Optionally, the processing module 902 is further configured to use lifestyle habits, polygenic risk scores, historical disease information of a plurality of users, and age characteristics of the plurality of users, which have causal relationships with the specified disease, as independent variables of the disease risk score model to be trained, and use disease identifiers of the plurality of users as dependent variables of the disease risk score model to be trained; based on independent variables and dependent variables, training the disease risk score model to be trained to obtain a disease risk score prediction model.

Optionally, the processing module 902 is further configured to obtain N data pairs according to the first statistics and the N second statistics; inputting N data pairs into a Mendelian randomization model to obtain N Mendelian randomization results; and determining living habits with causal relation with the specified diseases according to the N Mendelian randomization results.

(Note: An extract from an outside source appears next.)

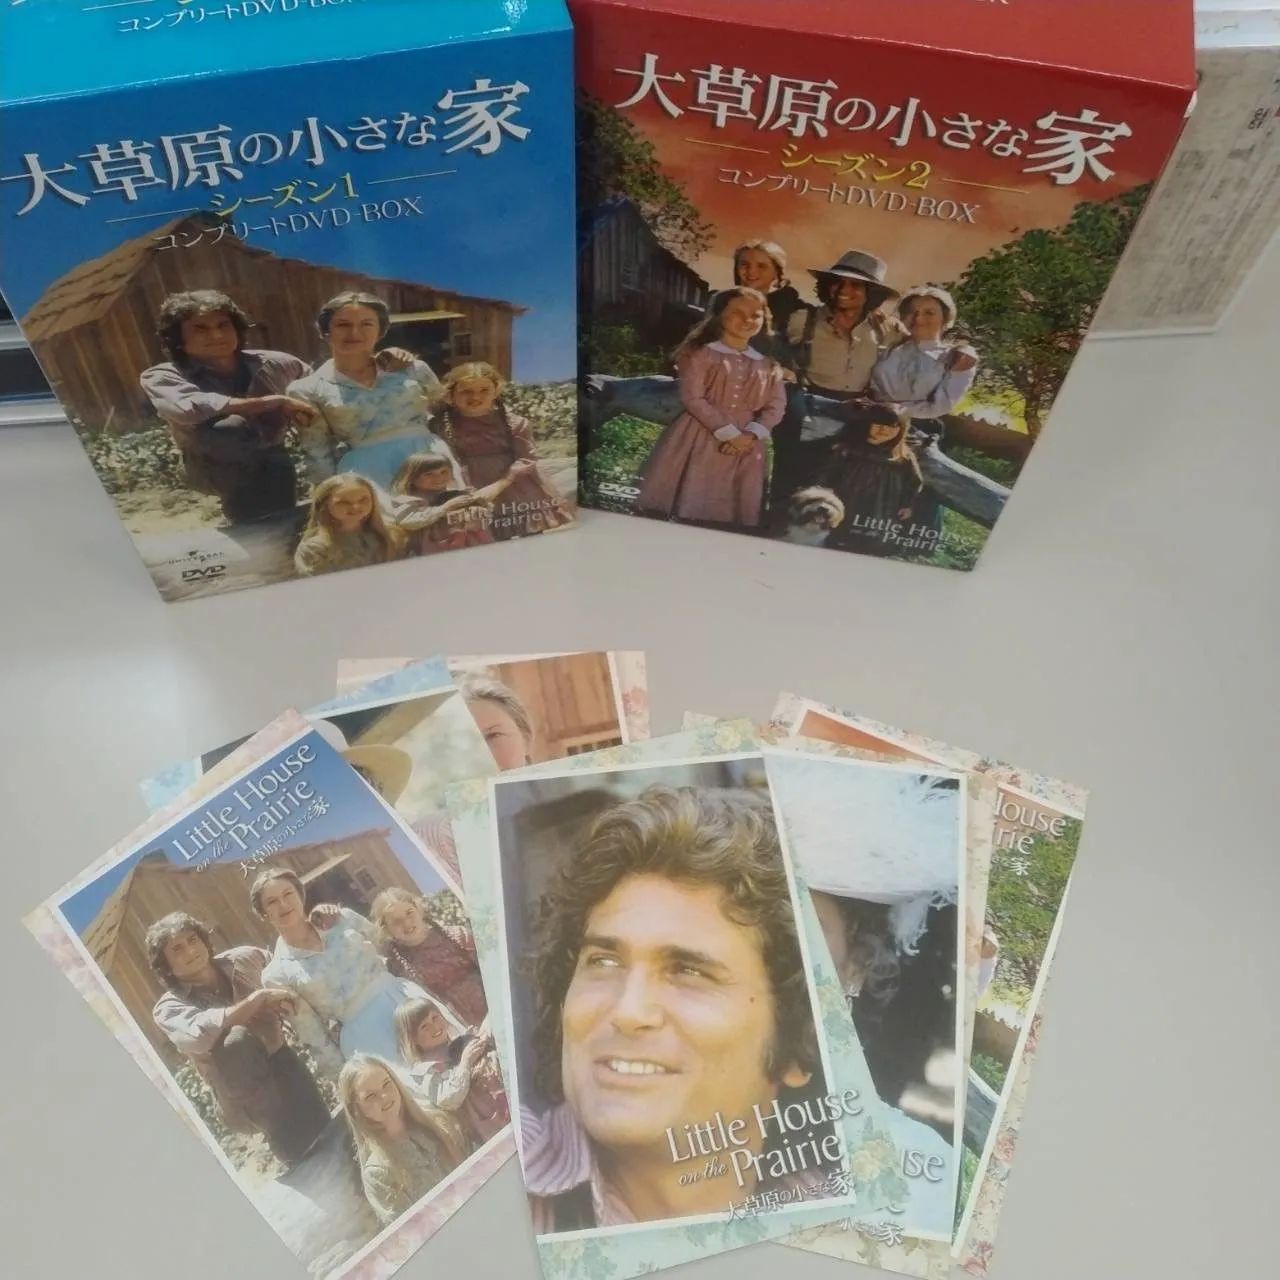 大草原の小さな家 DVDコンプリートBOX - www.sorbillomenu.com

Optionally, the processing module 902 is further configured to analyze N mendelian randomization results to obtain an analysis result; determining whether living habits in the first statistics have causal relation with the specified diseases according to the N Mendelian randomization results and the analysis results; if so, the lifestyle habit in the first statistics is determined as a lifestyle habit having a causal relationship with the specified disease.

Optionally, the processing module 902 is further configured to match the first statistics with N second statistics to obtain N original data pairs, where each of the N original data pairs includes a plurality of sets of association statistics of single nucleotide polymorphisms with lifestyles and a plurality of sets of association statistics of single nucleotide polymorphisms with specified diseases, and each set of association statistics of single nucleotide polymorphisms with lifestyles includes a minor allele frequency and a significance P value; and screening each of the N original data pairs according to the minor allele frequency and the significance P value to obtain N data pairs.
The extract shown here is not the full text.